Patrocinio a spese dello Stato: i rischi delle false dichiarazioni
Ottenere il Patrocinio a spese dello Stato è un diritto fondamentale per chi non può permettersi un avvocato, ma richiede la massima trasparenza. Una recente ordinanza della Corte di Cassazione mette in guardia chiunque tenti di accedere al beneficio fornendo dati reddituali non veritieri. La falsità nelle dichiarazioni sostitutive non è solo un illecito amministrativo, ma un reato penale punito severamente.
Il caso e la condanna
Un cittadino era stato condannato in primo e secondo grado alla pena di un anno di reclusione e a una multa di seicento euro. L’accusa riguardava la violazione dell’articolo 95 del Testo Unico sulle spese di giustizia. L’imputato aveva dichiarato un reddito annuo di 7.007 euro, mentre gli accertamenti avevano rivelato un reddito effettivo di 17.481,70 euro. Tale cifra superava di gran lunga il limite massimo previsto per l’ammissione al beneficio statale.
Patrocinio a spese dello Stato e obbligo di verità
La difesa ha tentato di impugnare la sentenza sostenendo la mancanza dell’elemento soggettivo del reato. In particolare, è stata invocata la responsabilità esclusiva del consulente che aveva trasmesso i dati e una successiva rettifica degli stessi. Tuttavia, la giurisprudenza è chiara: l’onere della veridicità ricade sul dichiarante, il quale deve verificare con cura i dati riportati nella propria istanza.

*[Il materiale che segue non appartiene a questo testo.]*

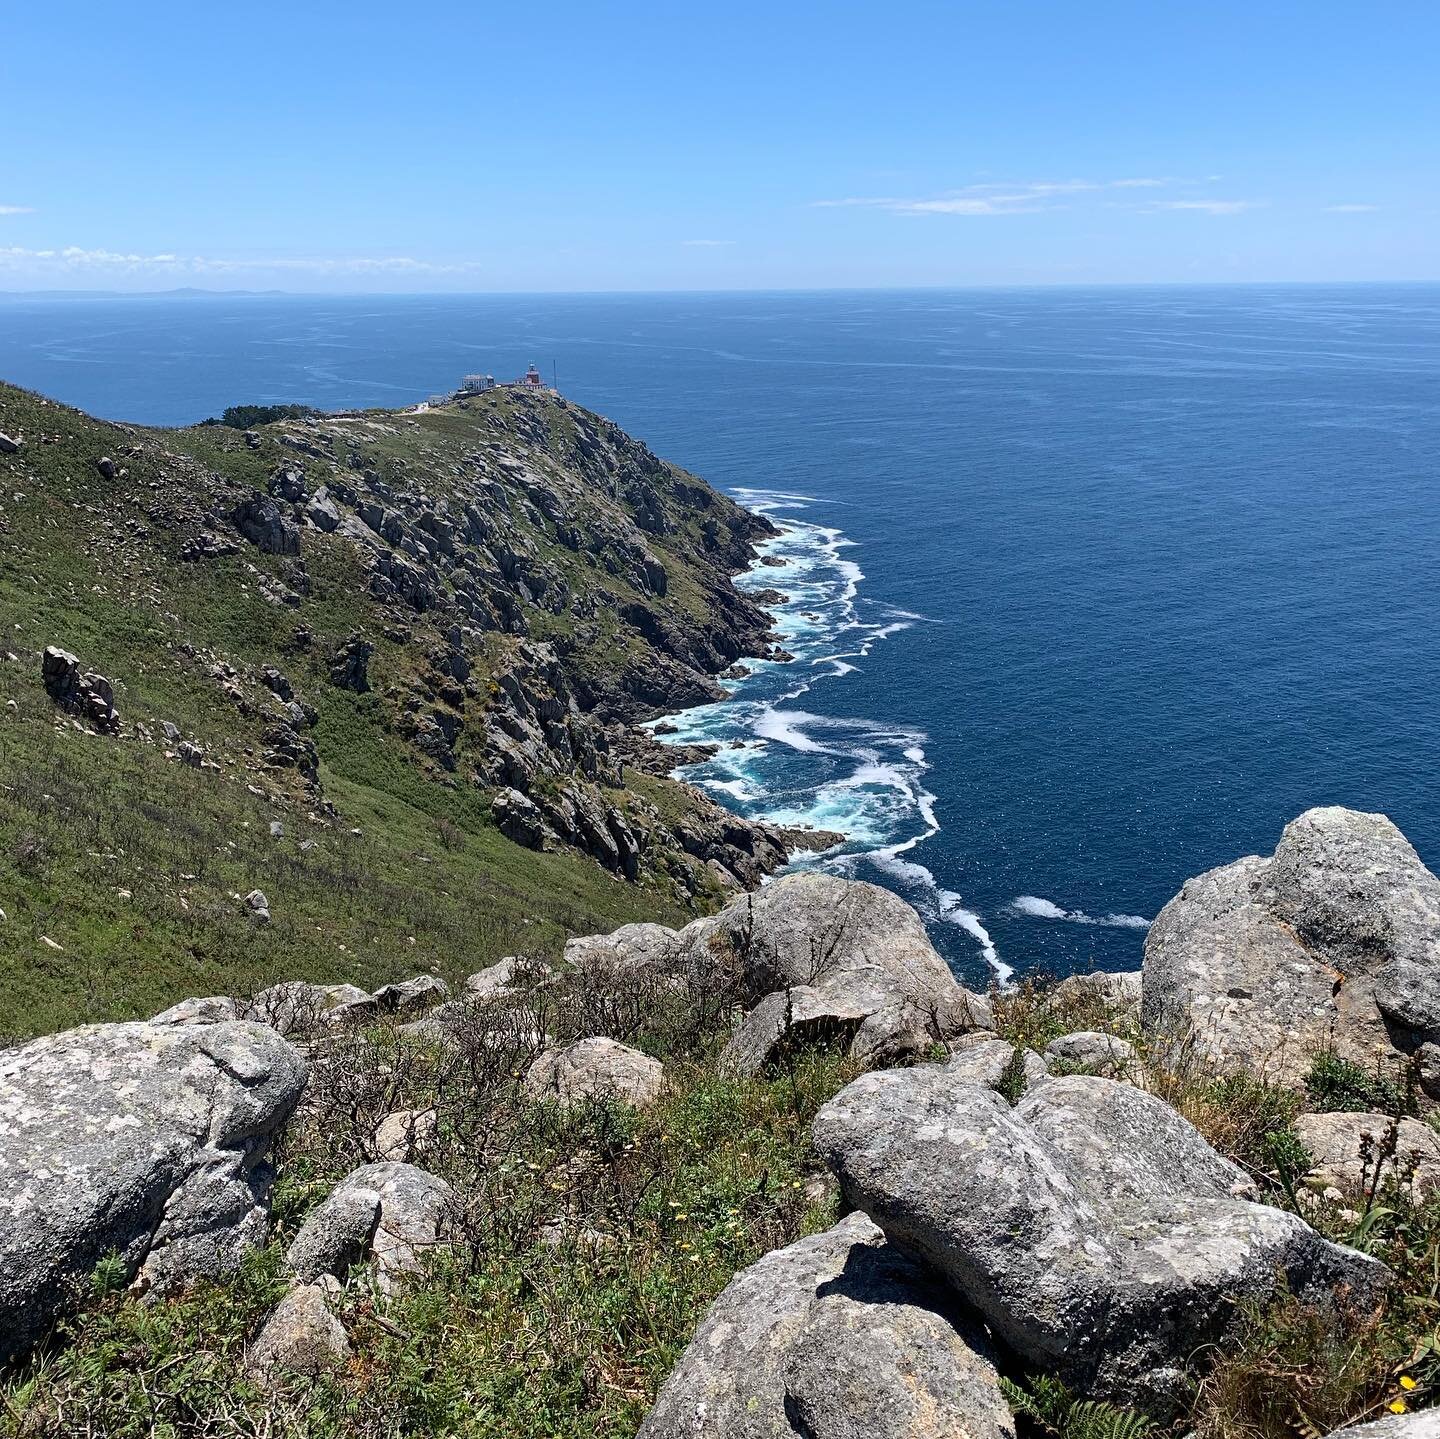 Finisterre (&lsquo;the end of the world&rsquo;) is one of the traditional end points of the Camino, where the path meets the Atlantic Ocean with a dramatic drop-off! This sleepy town with a magical coastline was the perfect place to rest, write and, 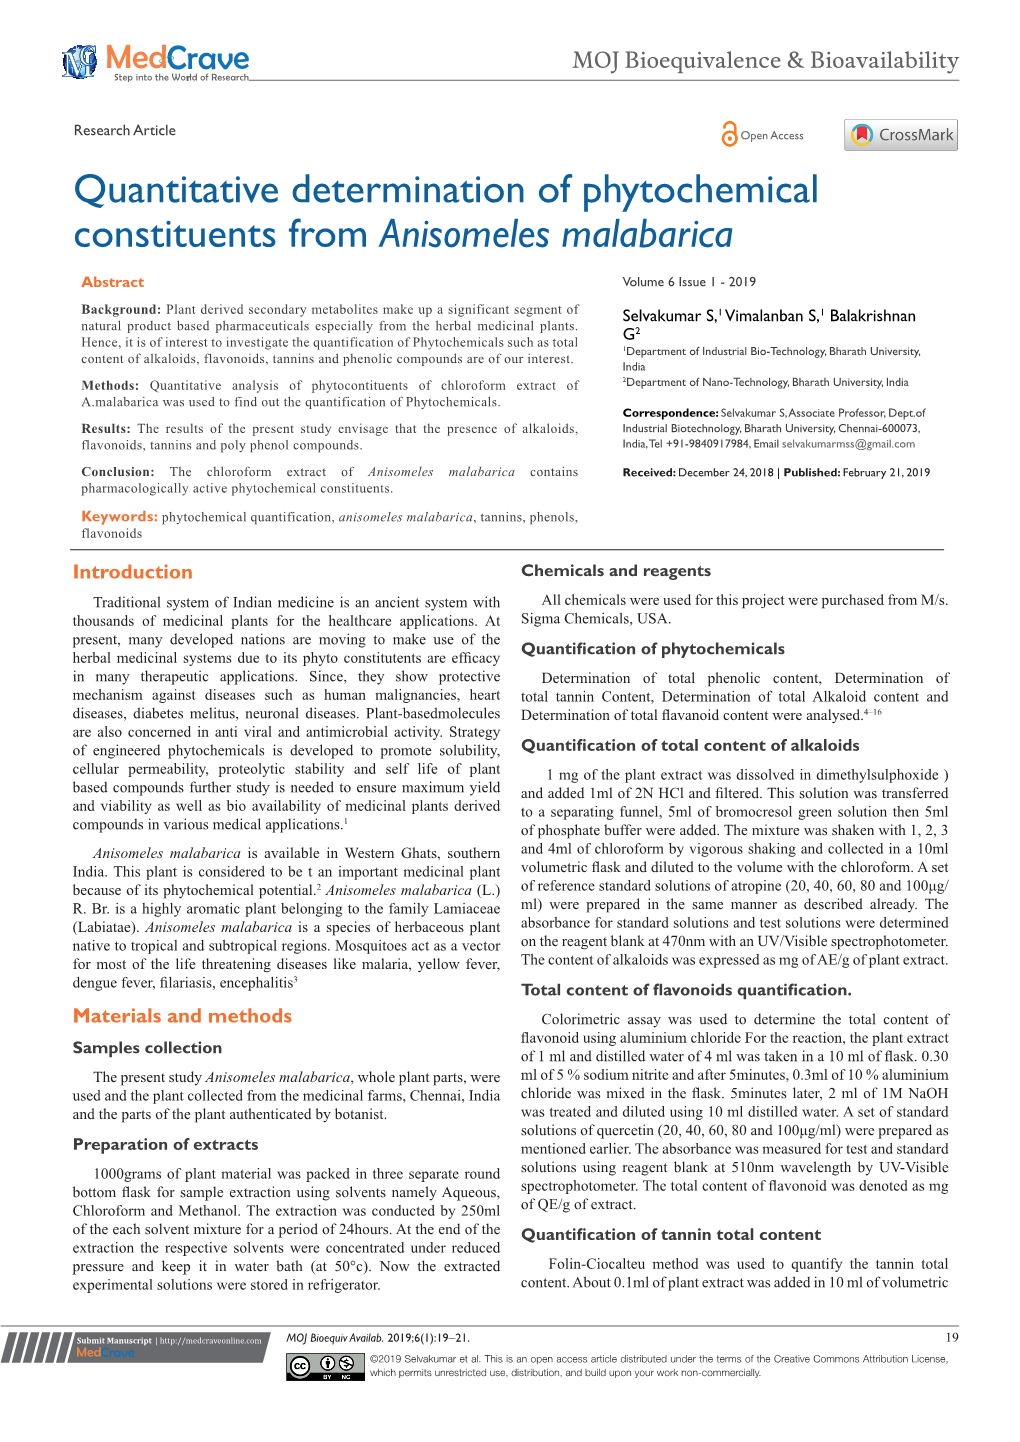 Quantitative Determination of Phytochemical Constituents from Anisomeles Malabarica

La rilevanza del dolo eventuale
La Corte ha ribadito che, ai fini del reato, è sufficiente il dolo generico. Quando la divergenza tra il dichiarato e il reale è così marcata, come nel caso di specie, si configura quanto meno un dolo eventuale. Il richiedente, cioè, accetta consapevolmente il rischio di presentare una dichiarazione incompleta o falsa, traendone un indebito vantaggio a spese della collettività.
Le motivazioni
Le motivazioni della Suprema Corte si fondano sulla congruità della decisione dei giudici di merito. La divergenza reddituale è stata considerata un indice inequivocabile di malafede. Non è stato ritenuto credibile che il richiedente non fosse a conoscenza di percepire un reddito più che doppio rispetto a quello dichiarato. Inoltre, la Corte ha precisato che nel calcolo del reddito complessivo deve essere computato anche quello di ogni convivente che contribuisca alla vita comune, rendendo ancora più stringenti i controlli sulla capacità economica effettiva dell’istante.
Le conclusioni
In conclusione, il ricorso è stato dichiarato inammissibile. Oltre alla conferma della condanna penale, il ricorrente è stato condannato al pagamento delle spese processuali e al versamento di tremila euro alla Cassa delle Ammende. Questa decisione sottolinea come il sistema del patrocinio gratuito si basi su un patto di fiducia tra cittadino e Stato: chi altera la realtà per ottenere un aiuto non dovuto non solo perde il beneficio, ma affronta gravi conseguenze penali che possono segnare la fedina penale in modo indelebile.
Cosa succede se dichiaro un reddito inferiore per avere l’avvocato gratis?
Si commette un reato punito dall’articolo 95 del d.P.R. 115/2002, che prevede la reclusione e una multa, oltre alla revoca immediata del beneficio e al recupero delle somme pagate dallo Stato.
Posso essere condannato se l’errore nel reddito è stato fatto dal mio consulente?
Sì, se la divergenza tra il reddito reale e quello dichiarato è macroscopica, la legge presume che il richiedente abbia accettato il rischio della falsità, configurando il dolo eventuale.
Quali redditi devono essere indicati nella domanda di patrocinio?
Devono essere indicati tutti i redditi, imponibili o meno, inclusi quelli di ogni familiare convivente che contribuisce al sostentamento del nucleo.